Oh, how we waited. We waited for them to leave the cathedral, for the procession in the carriage through the endless waving fools. We waited for them to disappear into the palace, we waited while commentators filled airtime. We waited for the kiss.
It’s funny how memories work. I remember that afternoon sitting with Daryl and Mrs Kincaid, waiting for the kiss. I remember so many small details of that day, what it looked like, what it felt like, how I felt, but until a few minutes ago, when I worked it out by counting on my fingers, I had completely forgotten that my dad had died just a week or so earlier.
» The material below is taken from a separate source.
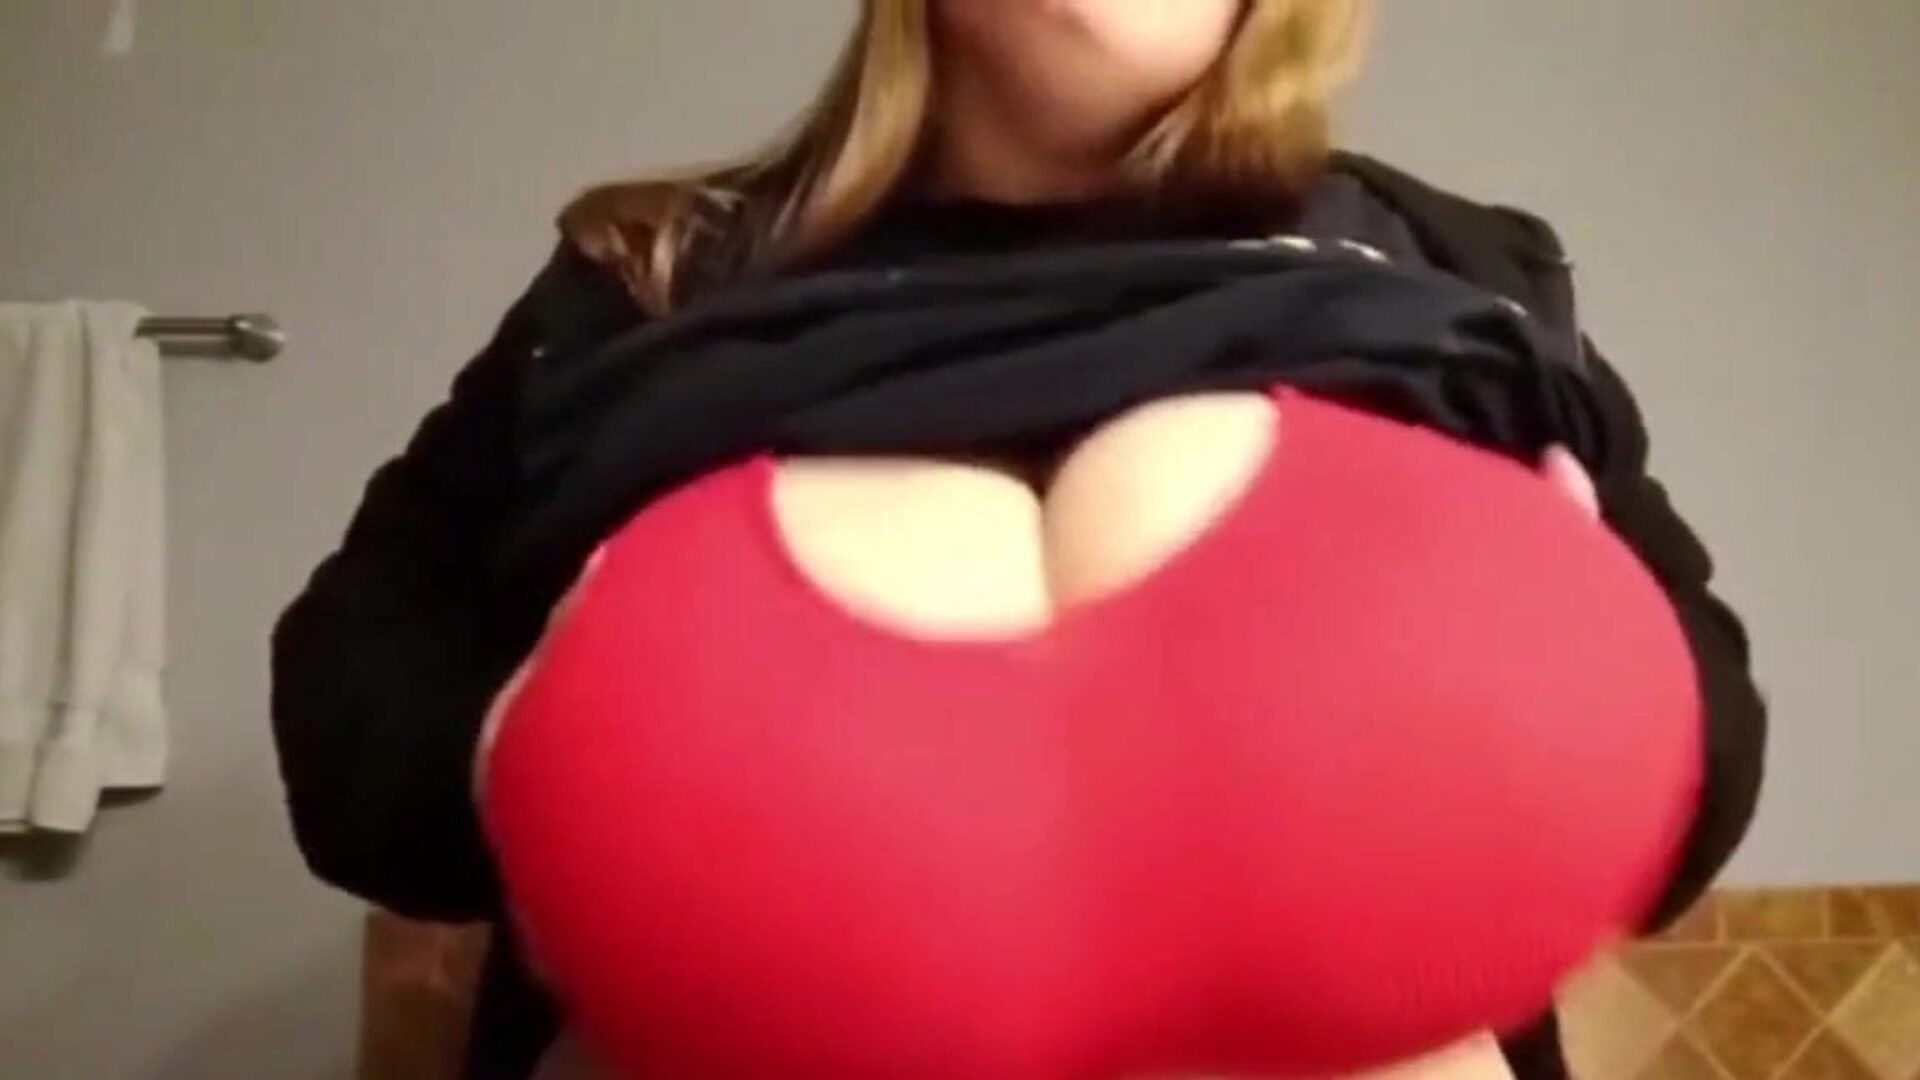 Gigantic Tits and Huge Areolas, Free Big Huge Boobs HD Porn Watch Gigantic Tits and Huge Areolas clip on xHamster, the superlatively good HD fucky-fucky tube website with tons of free-for-all Big Huge Boobs Homemade & big beautiful woman porno movies

When the kiss finally happened it was so brief and so uncomfortable, like two llamas playing that party game where you have to pass an orange to the person next to you using only your necks. Daryl and I walked home after it was over and we didn’t have the words for it then but we both felt as though we’d had a glimpse of something about the world that no one else had seen, something that we didn’t understand then, but maybe one day when we grew up we would.